* **Your assignment**: Without copying any picture, return all lines below exactly.

* **Data extract**:
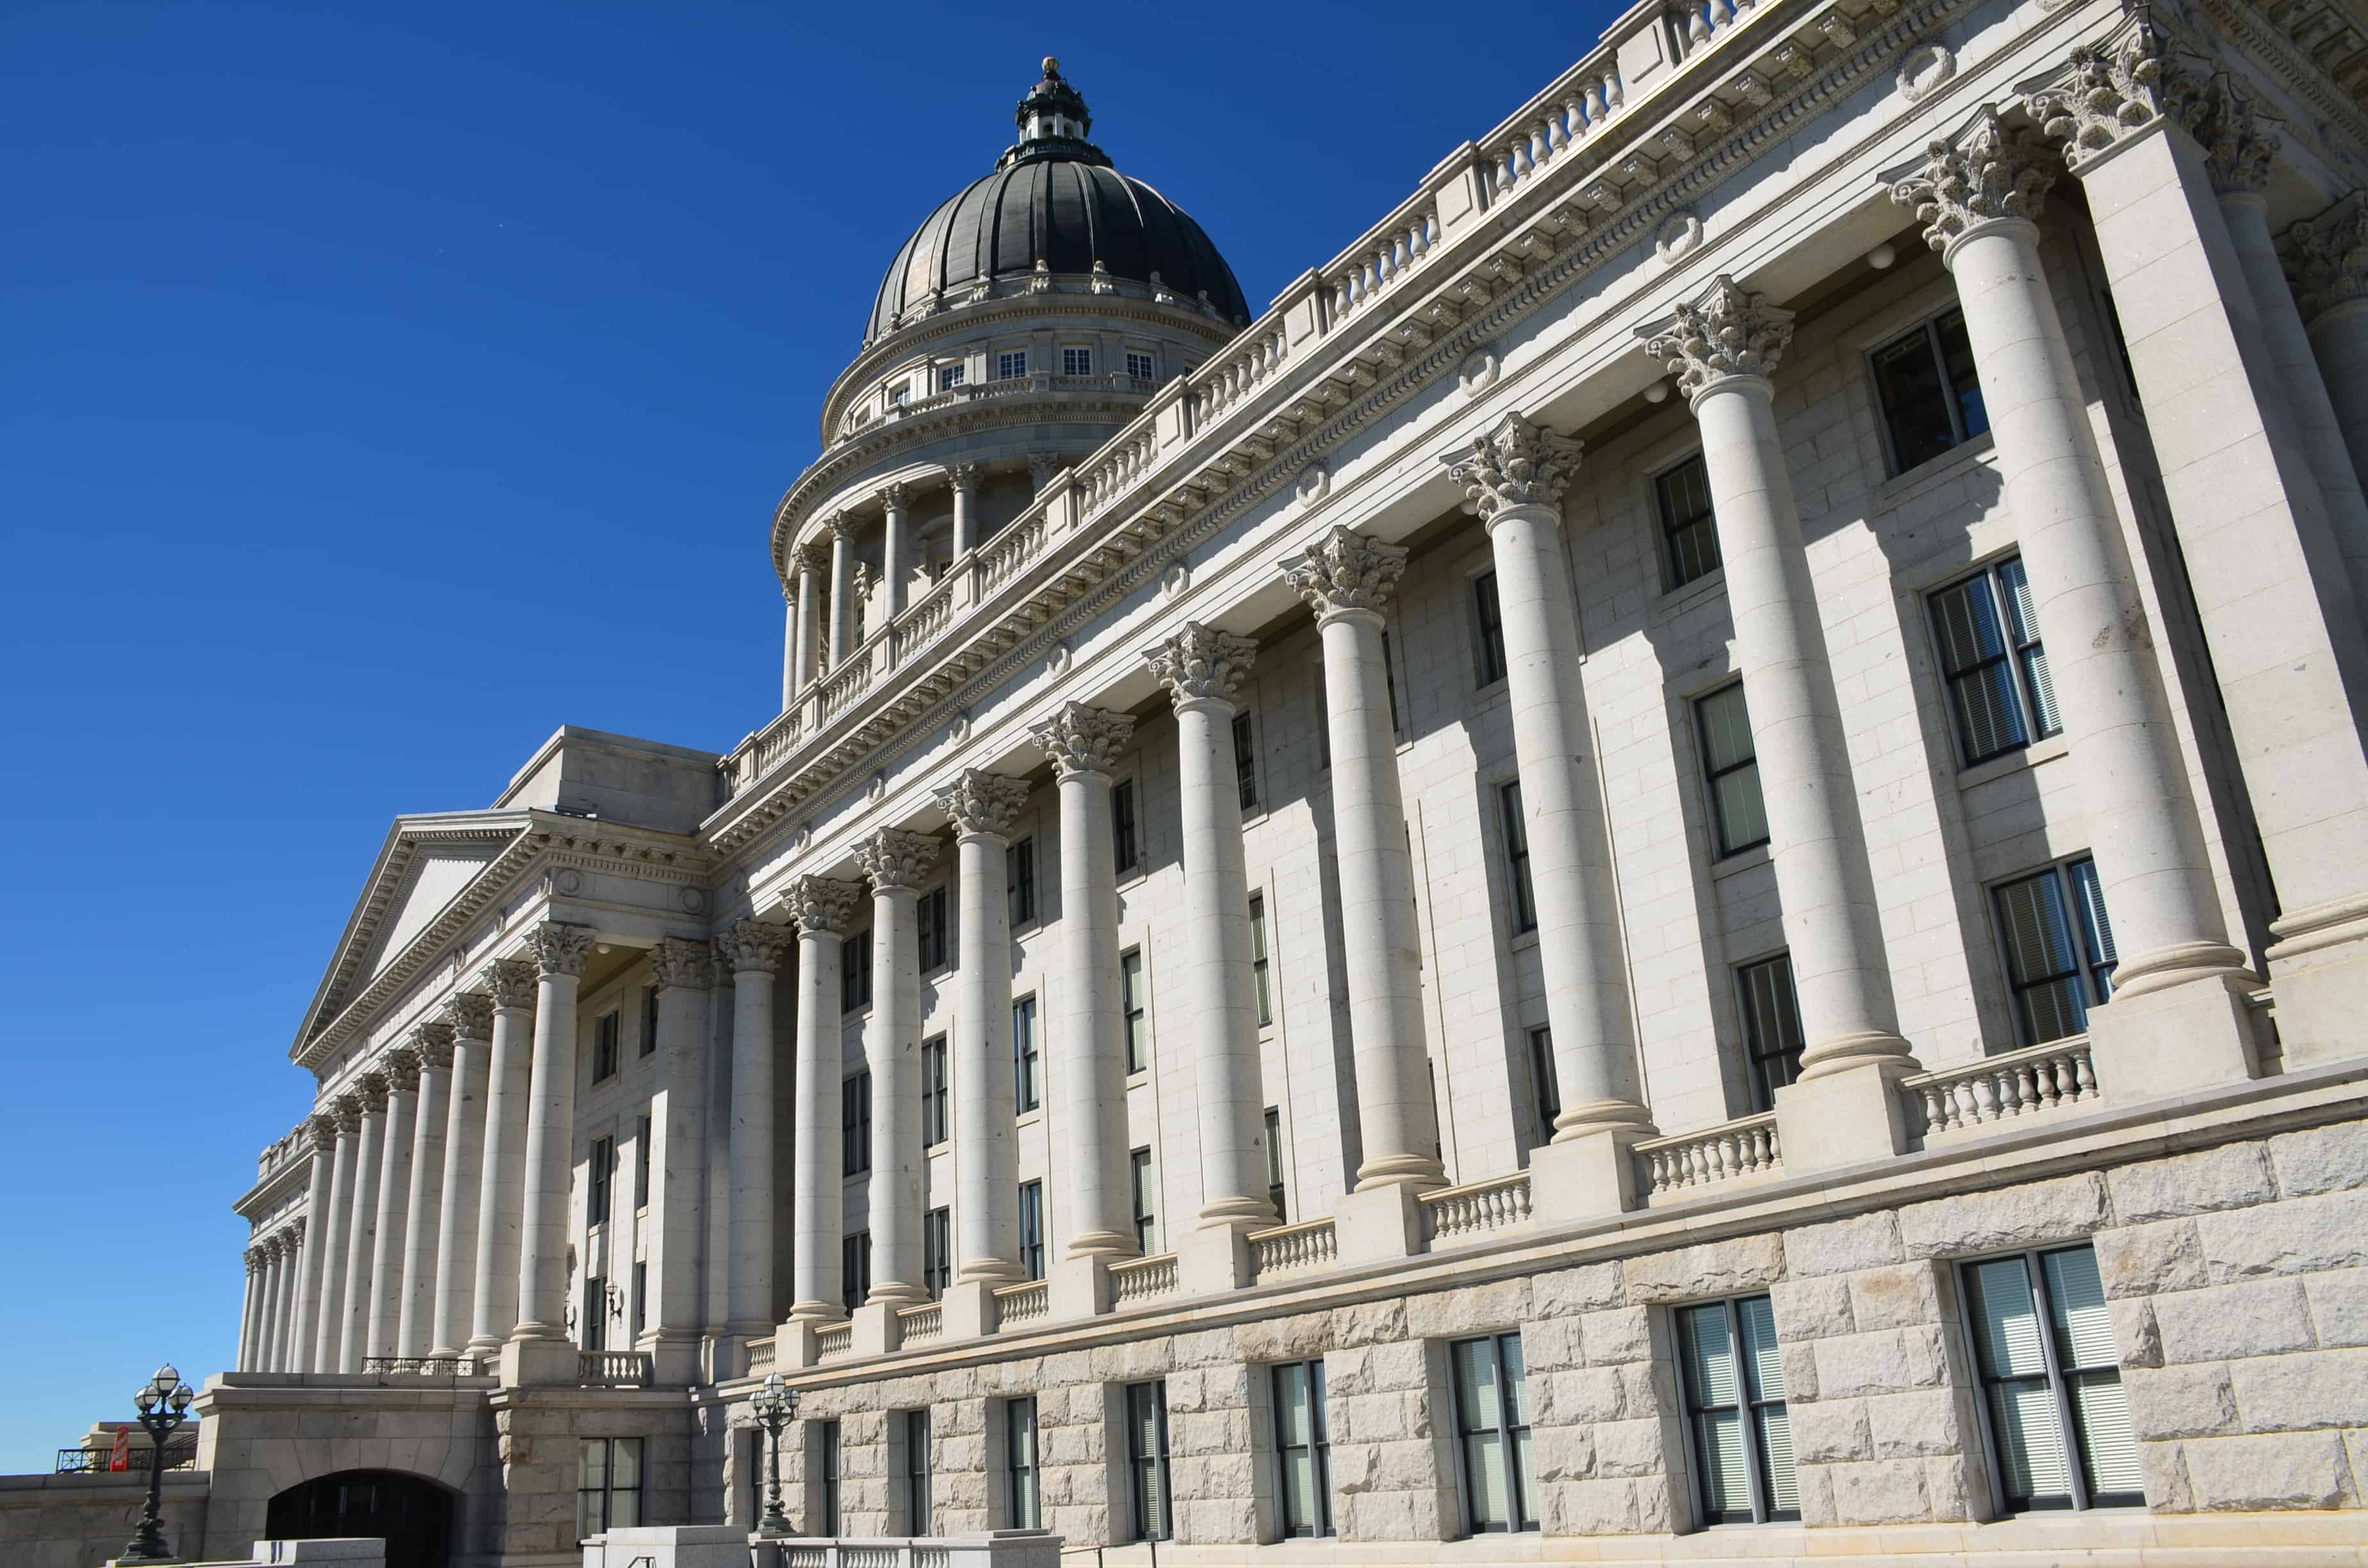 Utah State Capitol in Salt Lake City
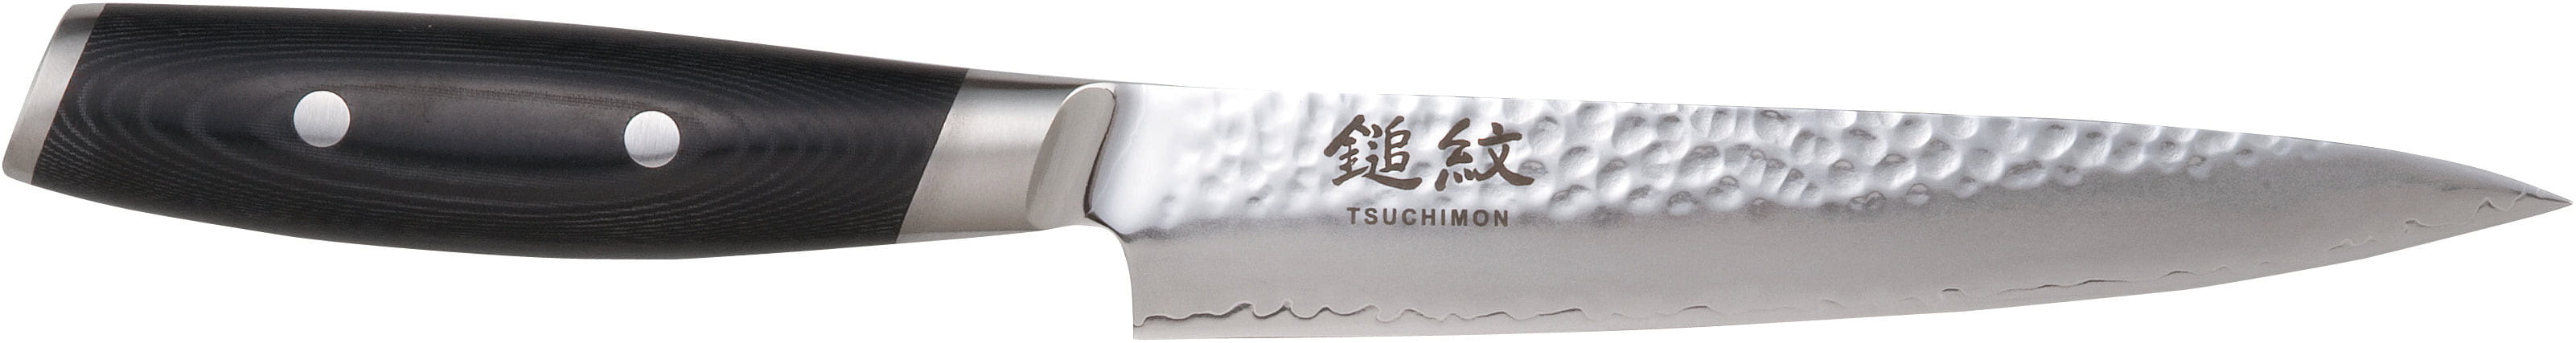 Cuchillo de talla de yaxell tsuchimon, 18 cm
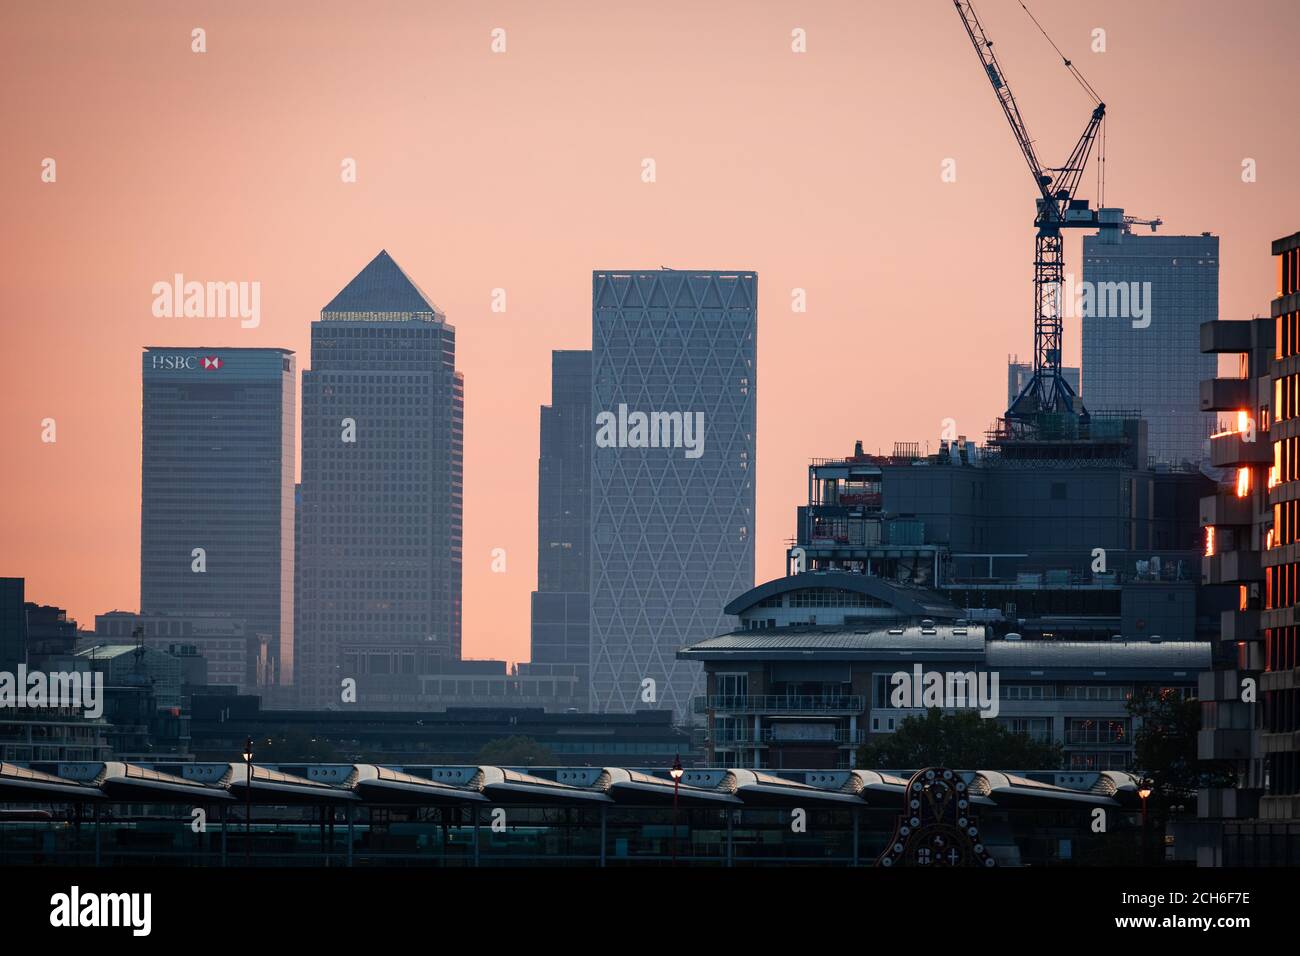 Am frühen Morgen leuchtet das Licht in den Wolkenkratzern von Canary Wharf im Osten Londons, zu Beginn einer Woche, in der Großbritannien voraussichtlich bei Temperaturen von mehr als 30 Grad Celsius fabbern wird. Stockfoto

* **Output of the exercise**:
 Utah State Capitol in Salt Lake City
 Cuchillo de talla de yaxell tsuchimon, 18 cm
 Am frühen Morgen leuchtet das Licht in den Wolkenkratzern von Canary Wharf im Osten Londons, zu Beginn einer Woche, in der Großbritannien voraussichtlich bei Temperaturen von mehr als 30 Grad Celsius fabbern wird. Stockfoto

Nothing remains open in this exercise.